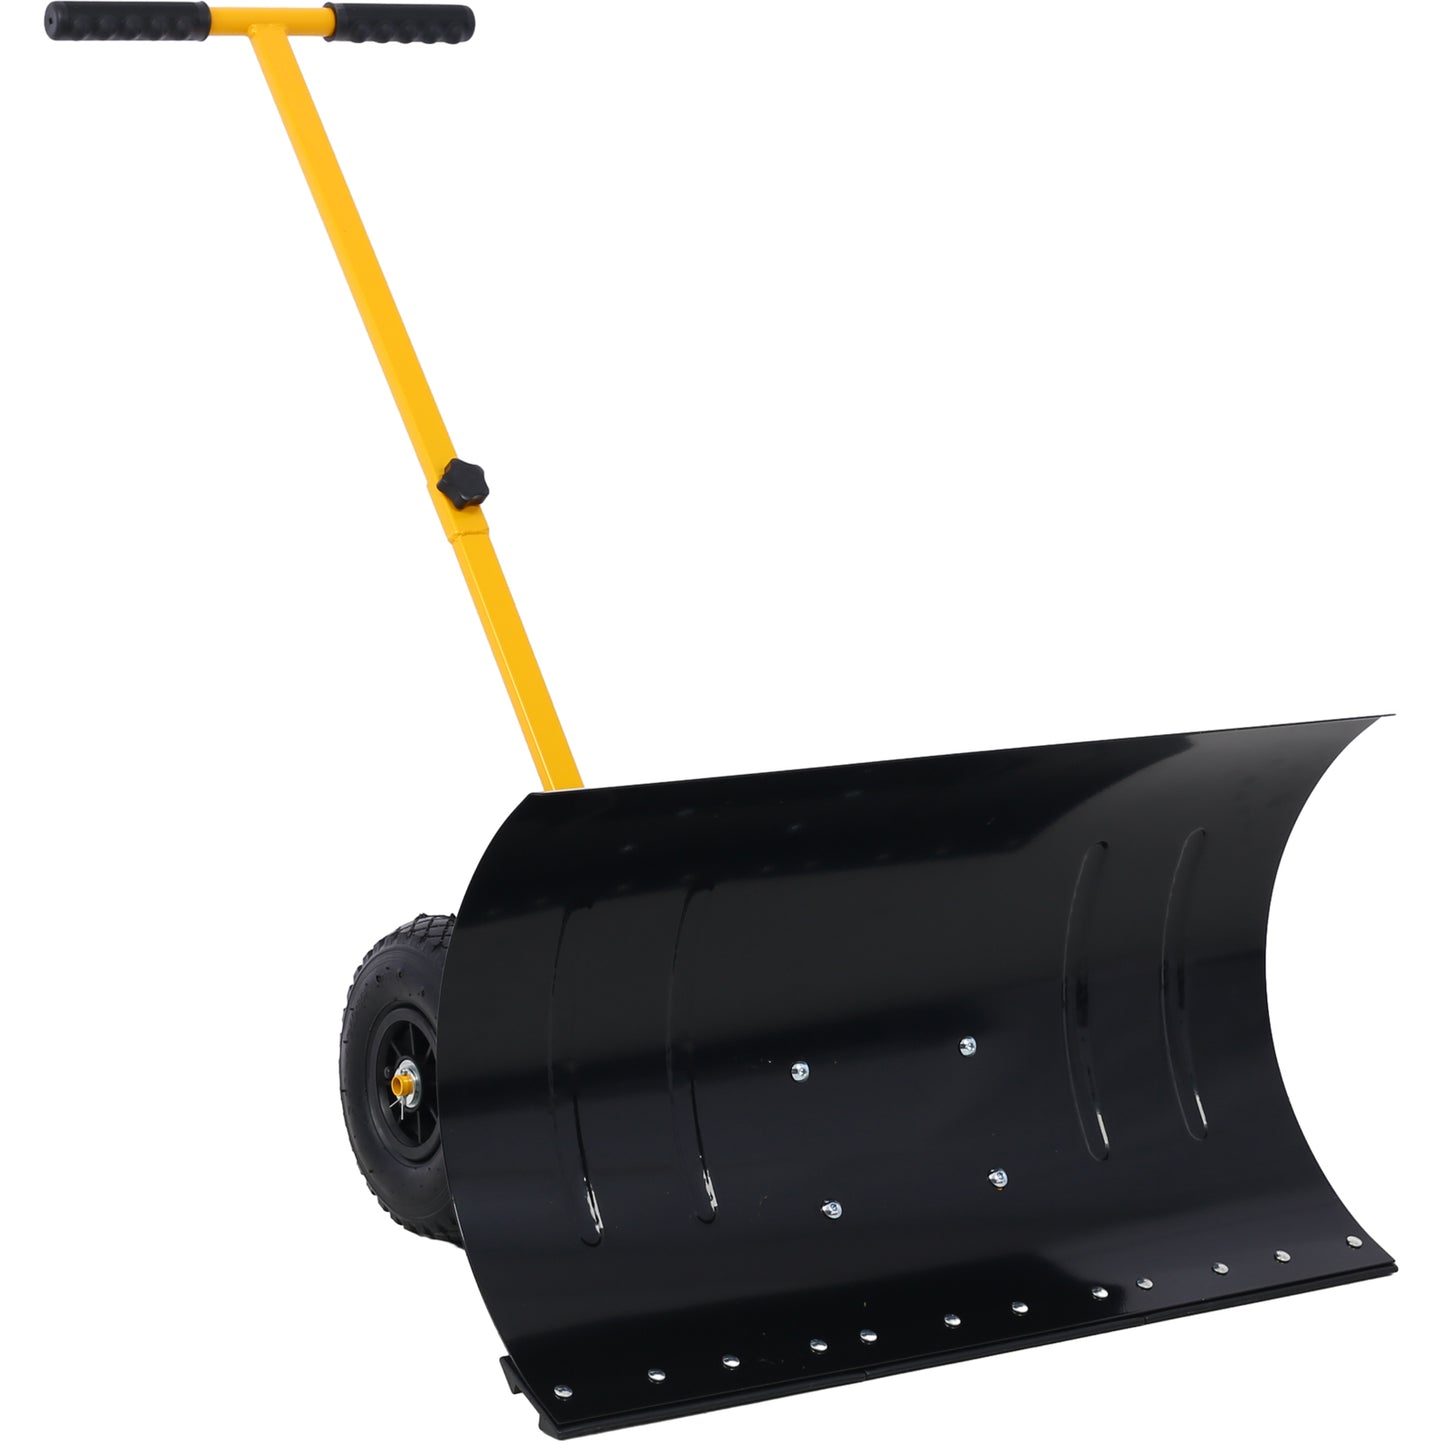 Snow Shovel with Wheels, Snow Pusher, Cushioned Adjustable Angle Handle Snow Removal Tool, 29" Blade, 10" Wheels,yellow color
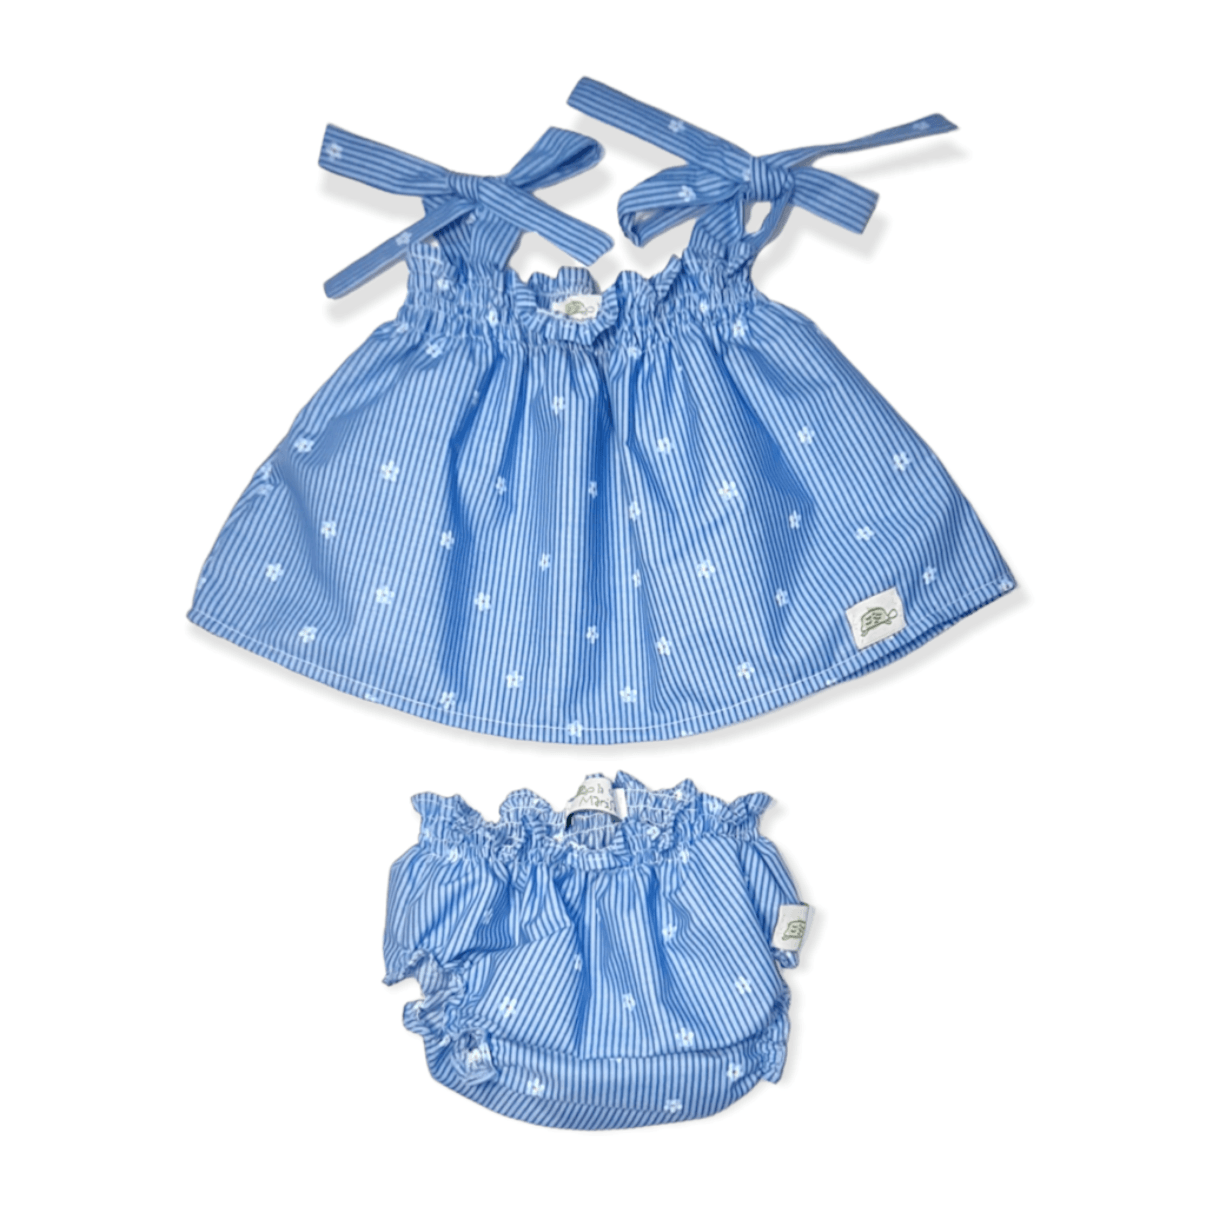 blue dress and bloomer for kids
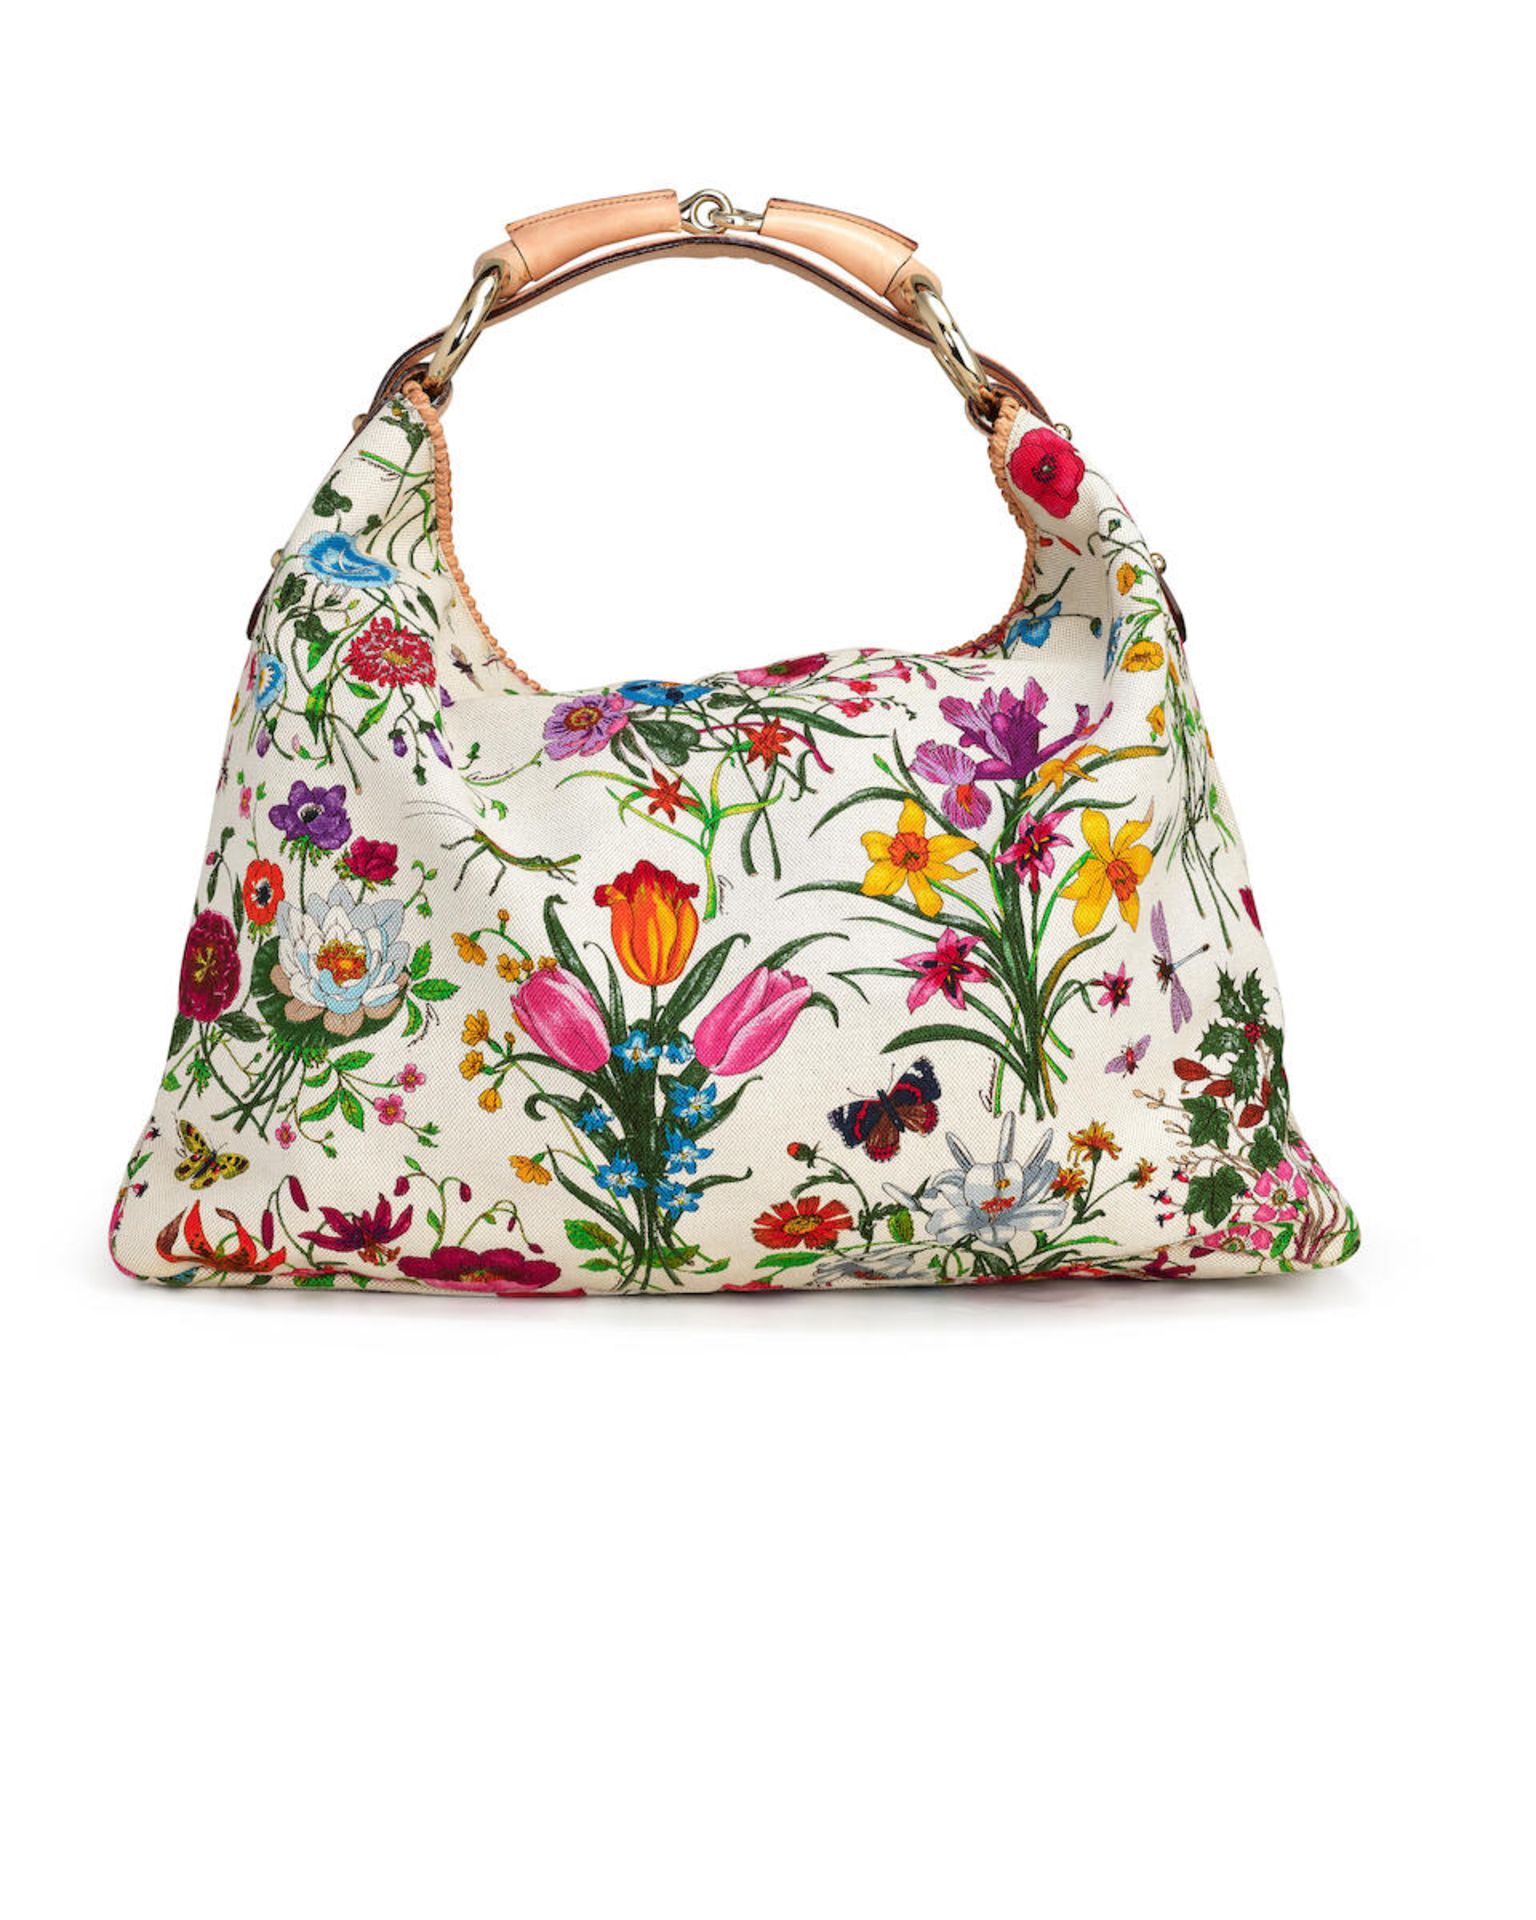 GUCCI: MULTI COLOURED CANVAS FLORAL HORSEBIT WITH LIGHT GOLD TONED HARDWARE (Includes original d...
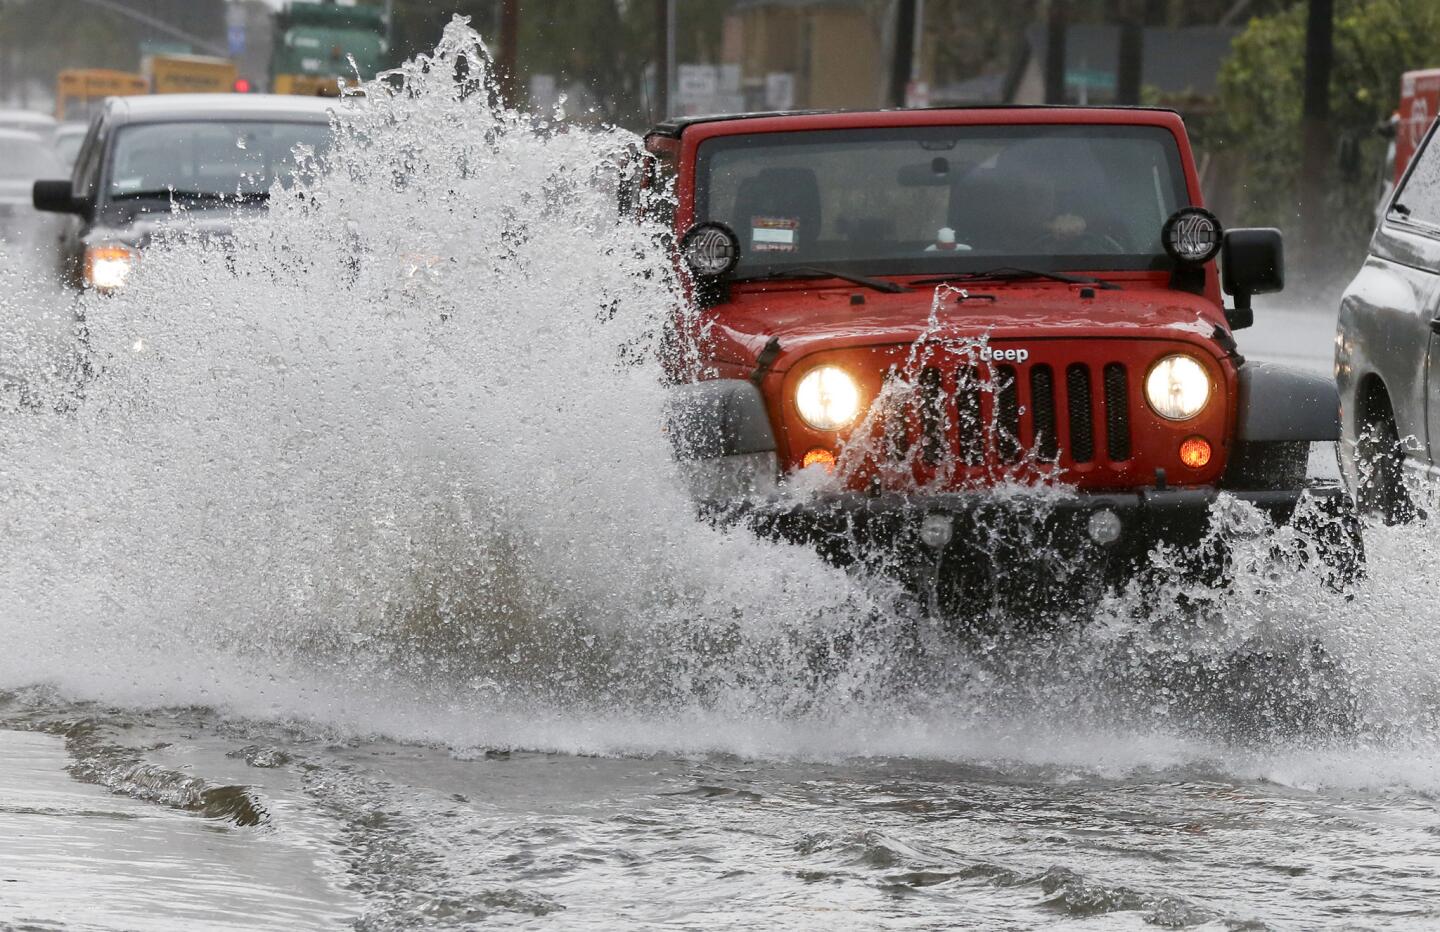 Motorists navigate the flooded lanes of northbound Fairview Street in Santa Ana.

TASK STATEMENT —
Transcribe the listing in full. Omit the pictures and keep every line exact.

SOLUTION FOR THIS TASK —
 Snow Shovel with Wheels, Snow Pusher, Cushioned Adjustable Angle Handle Snow Removal Tool, 29" Blade, 10" Wheels,yellow color
 blue dress and bloomer for kids
 GUCCI: MULTI COLOURED CANVAS FLORAL HORSEBIT WITH LIGHT GOLD TONED HARDWARE (Includes original d...
 Motorists navigate the flooded lanes of northbound Fairview Street in Santa Ana.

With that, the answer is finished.